== To do ==
Nothing but the lines from the one containing "Size: US 8 - 40" through the end of the data below should appear in the answer, each exact and free of pictures.

Segment Start: Input data

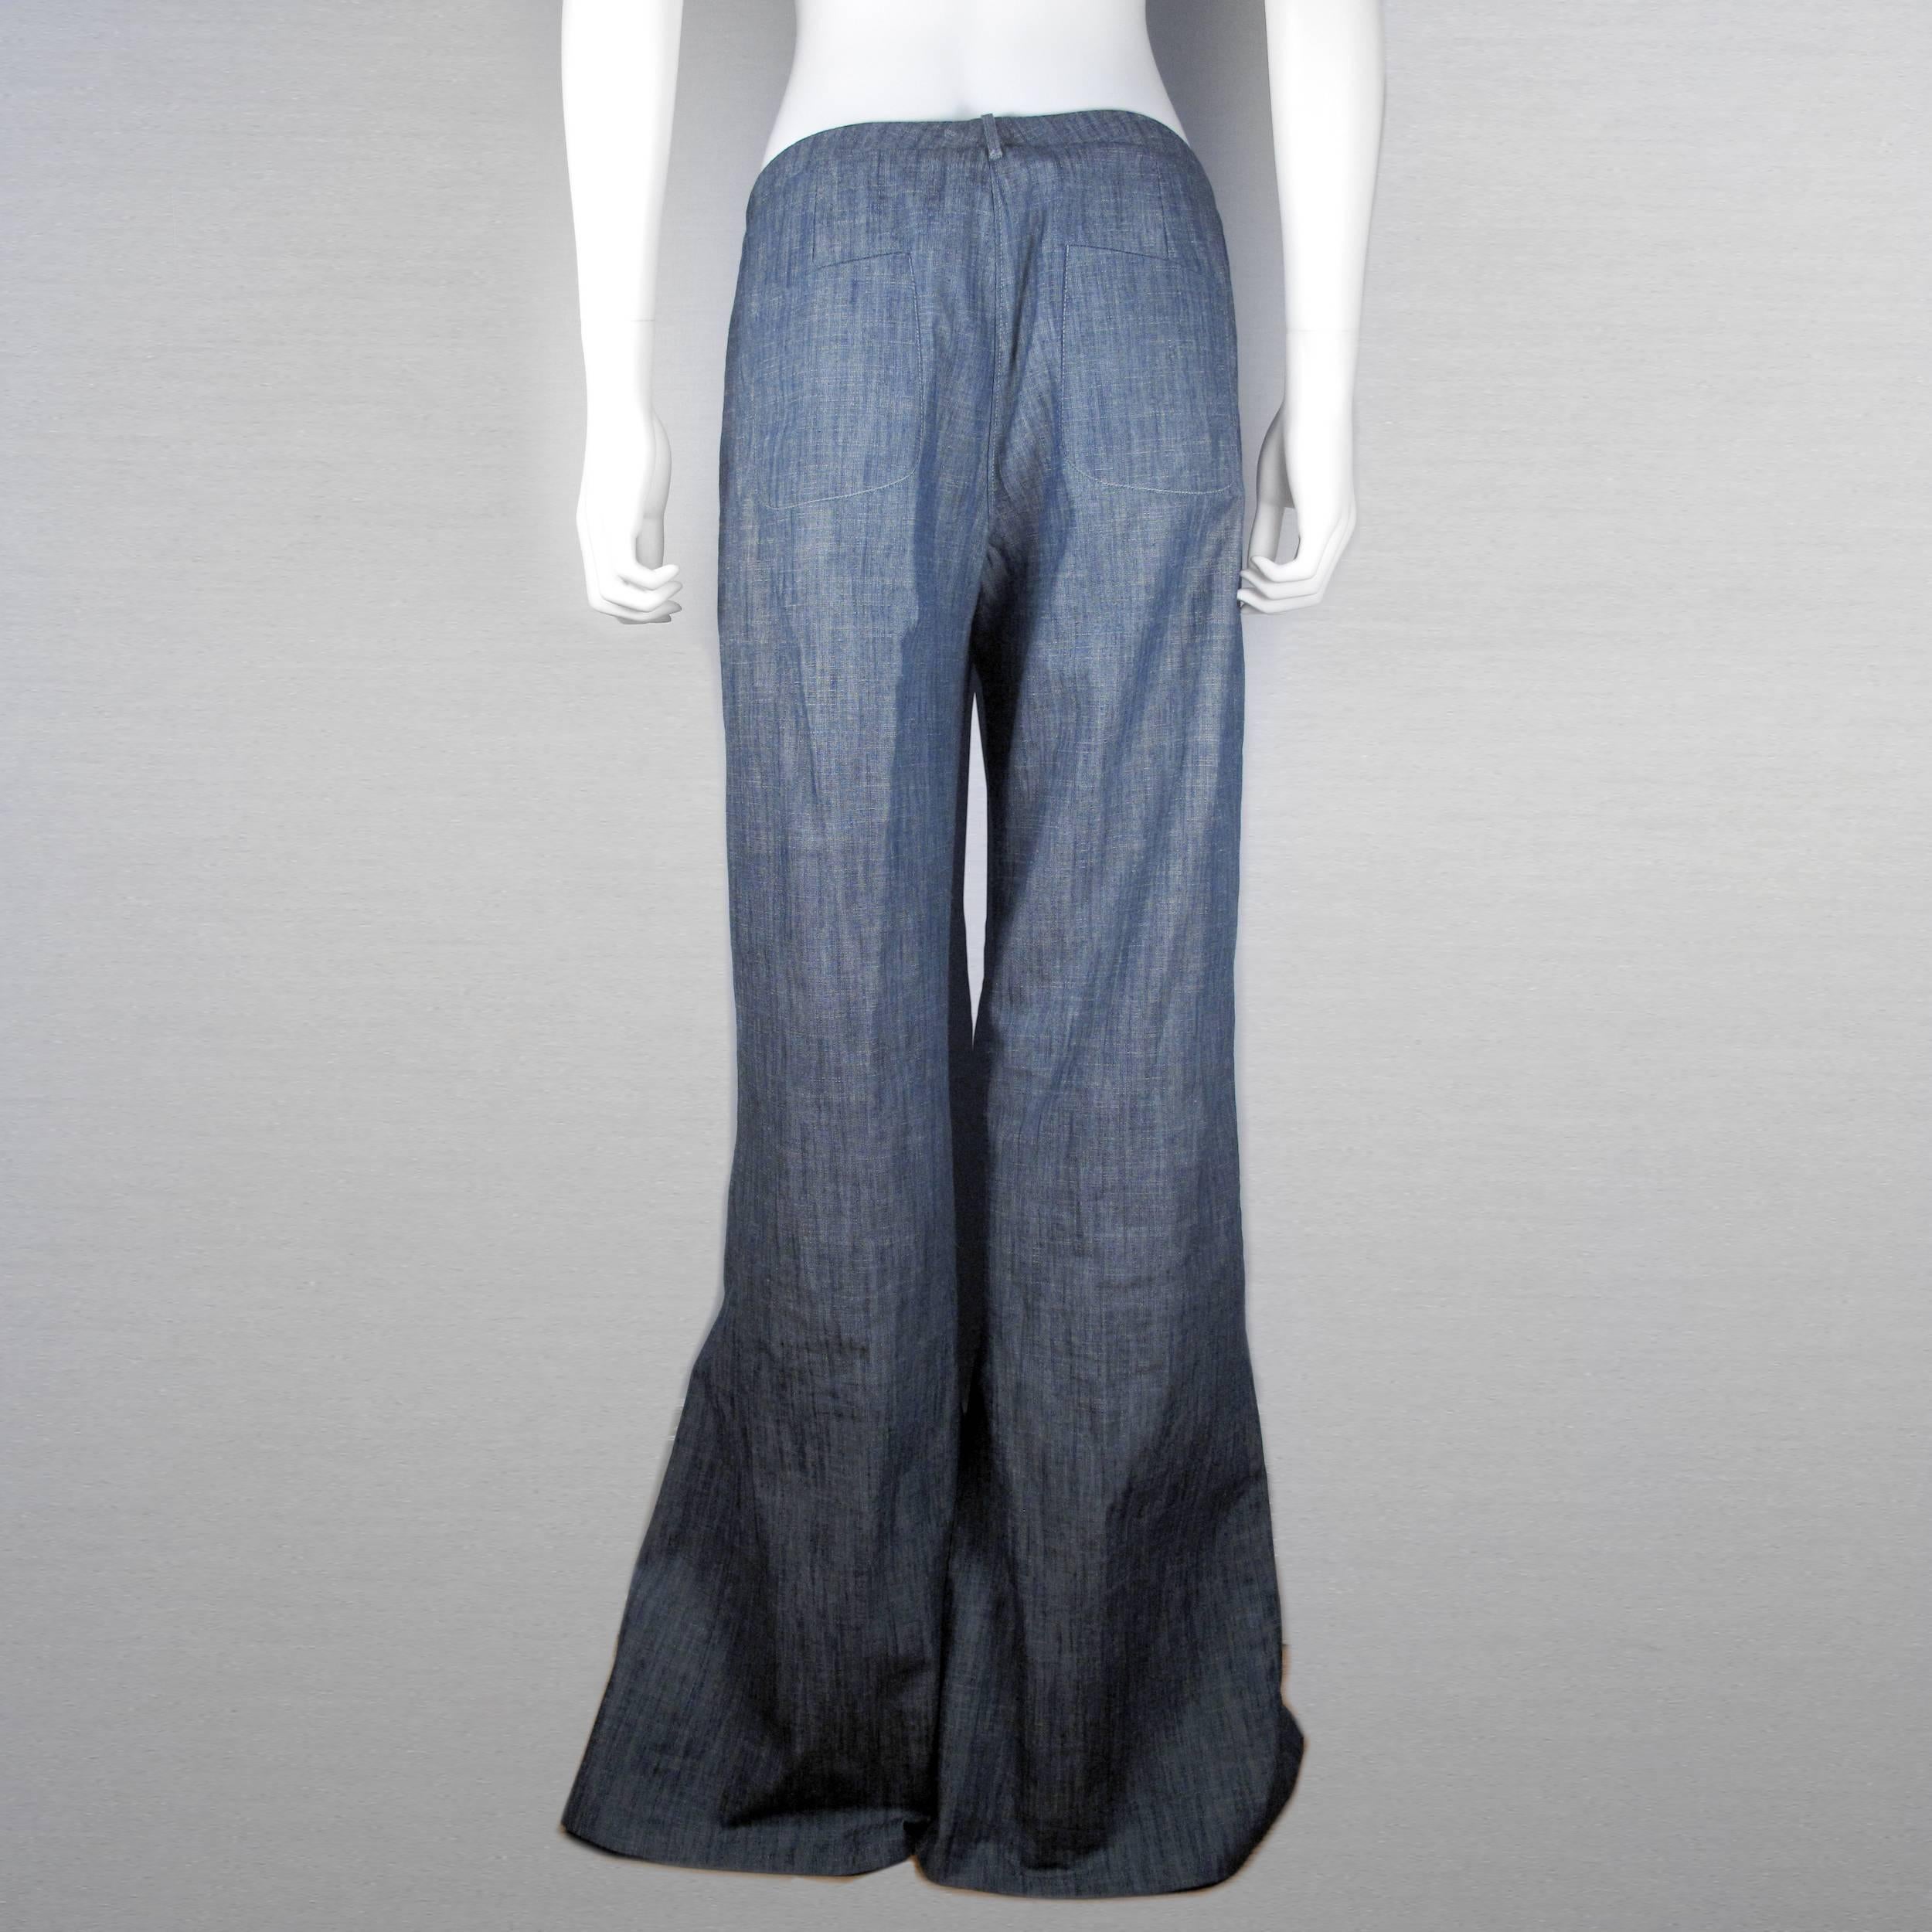 Chanel - Wide Leg Jeans
 
Size: US 8 - 40

Color: Medium Wash

Material: 98% Cotton - 2% Spandex

------------------------------------------------------------

Details:

- wide leg flare jeans

- silver tone hardware

- cc logo at
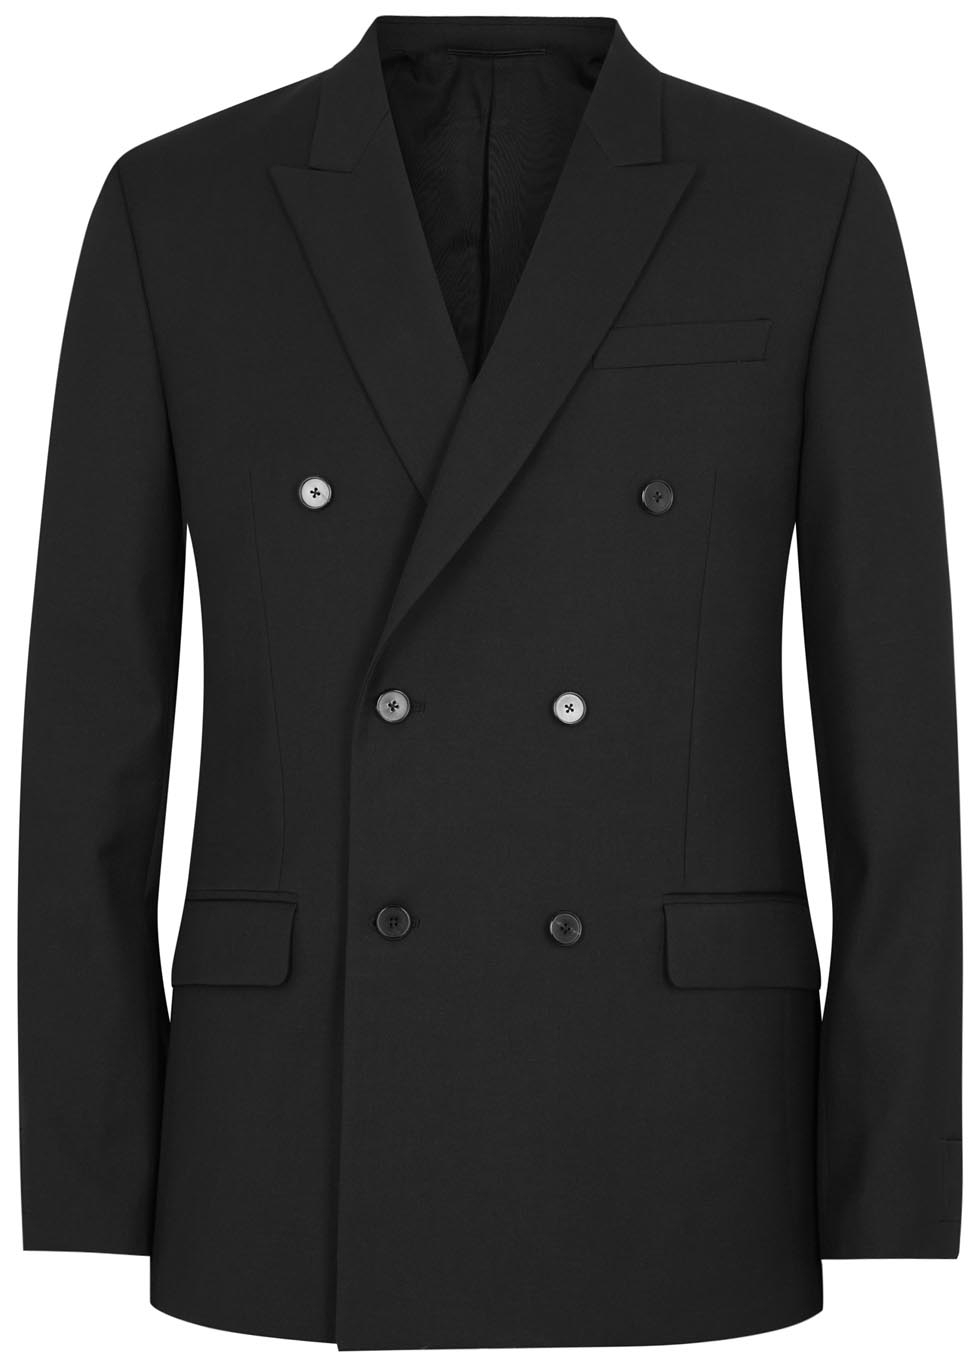 Black double-breasted wool blazer
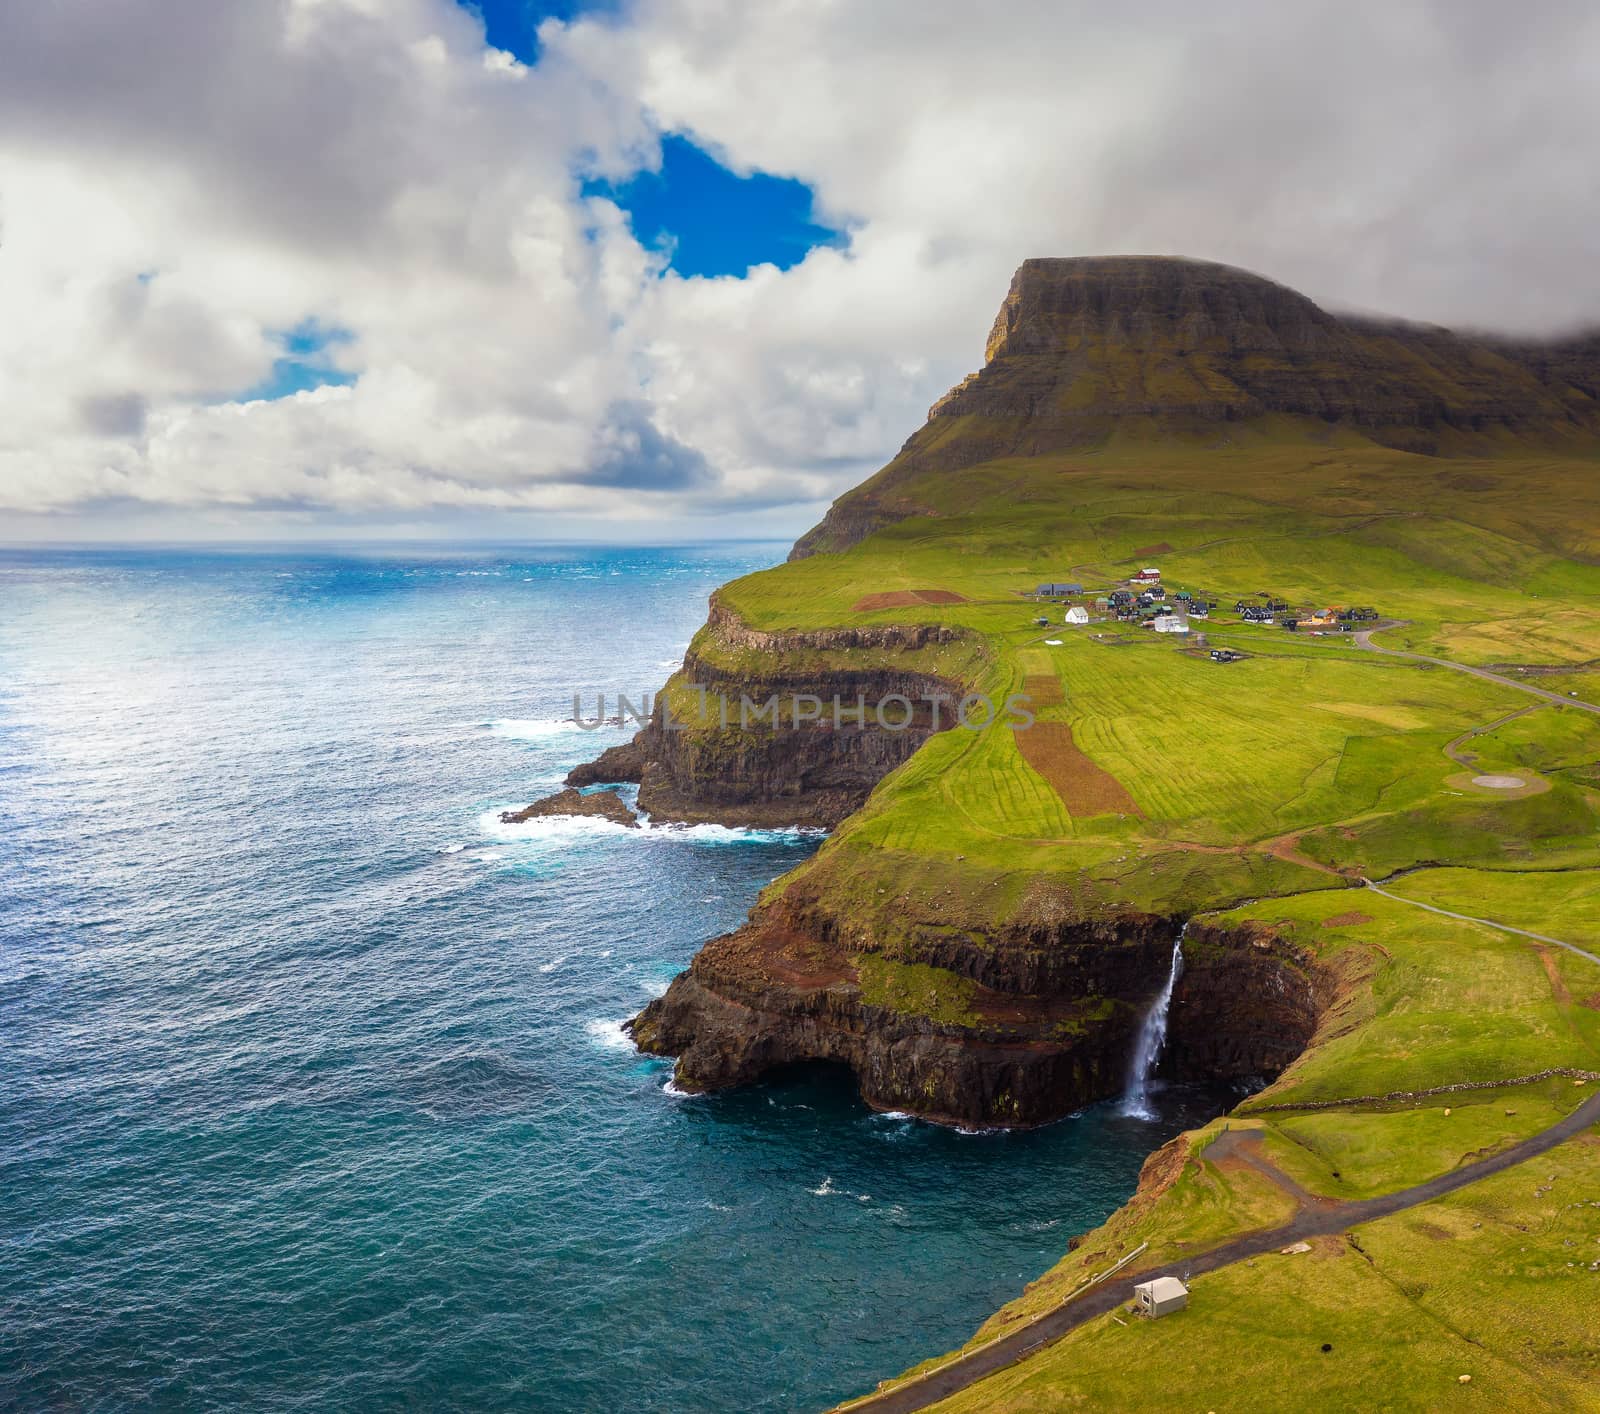 Aerial view of Gasadalur village and its waterfall in Faroe Islands, Denmark by nickfox

Segment End: Input data

== Your solution ==
Size: US 8 - 40

Color: Medium Wash

Material: 98% Cotton - 2% Spandex

------------------------------------------------------------

Details:

- wide leg flare jeans

- silver tone hardware

- cc logo at
 Black double-breasted wool blazer
 Aerial view of Gasadalur village and its waterfall in Faroe Islands, Denmark by nickfox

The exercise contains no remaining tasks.